IT contractors' hirers in 'pre-referendum' mode
The first signs of the IT contracts market returning to “pre-referendum patterns” were seen in August, implying any ups - or downs, for IT contractors from the Brexit vote were short-lived.
But it is “still too early to make conclusions about what impact the vote to leave the EU will have on the jobs market” in the long term, the Recruitment & Employment Confederation cautioned yesterday.
“The UK jobs market returned to pre-referendum patterns in August as the initial shock of the vote result subsided,” said REC’s chief executive Kevin Green, writing in the confederation’s monthly Report on Jobs.
In line with his comments, the IT contracts market reverted last month to an index score slightly above both the referendum month (June) and the start of the financial year (April), but lower than in May.

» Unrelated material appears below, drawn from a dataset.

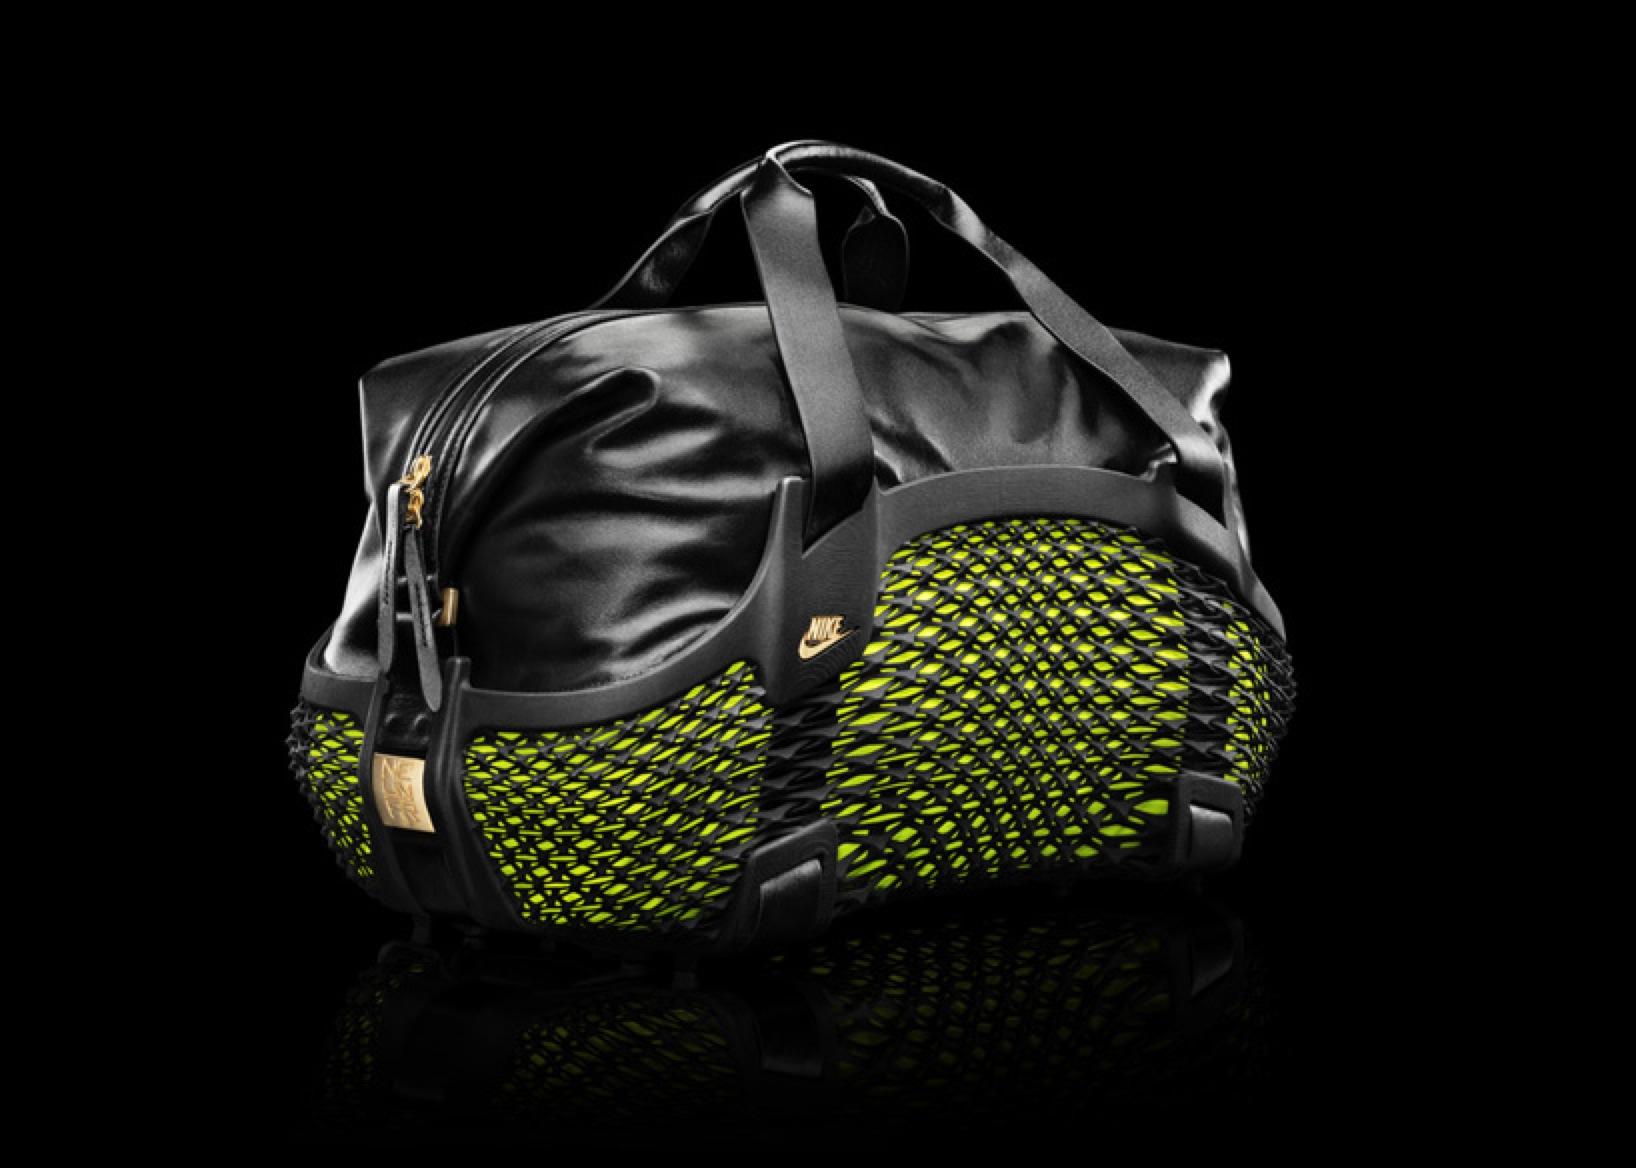 Nike-Rebento-3D-Printed-Bag-Designboom02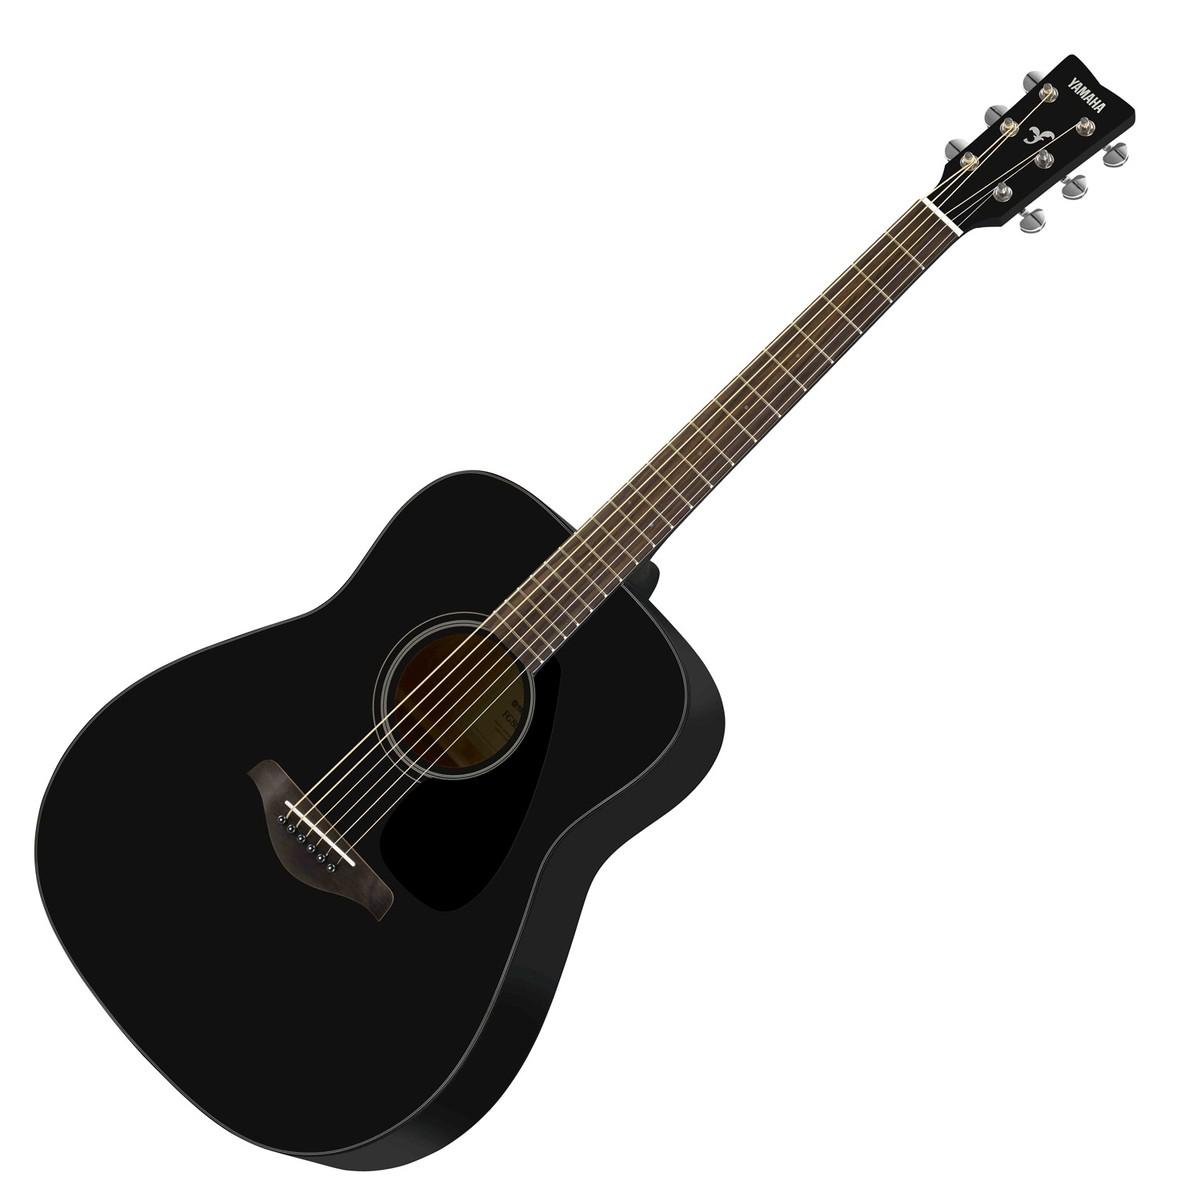 Yamaha Fg S Acoustic Guitar Black

Standing at 53.4, compared with 53.7 in July, the index reading means that demand for IT contractors still grew in August (anything over 50.0 indicates growth on the prior month), albeit at a slightly reduced rate.
Yet positively for those ‘on the bench,’ shortages of IT contractors also grew month-on-month, as July’s scarcity of developers remains but is now joined by too few candidates for digital, gaming, PHP and Java contracts.
Inadequate numbers of applicants for permanent IT roles exist too, with agents struggling to fill posts in mobile development, embedded software, digital marketing, gaming, information security, Java and .Net, the report says.
It is therefore no longer a case of employers being reluctant or too cautious to hire due to Brexit jitters. The REC said: “Permanent hiring returned to growth [in August] as employers confirmed appointments that had been on hold or delayed in June and July.”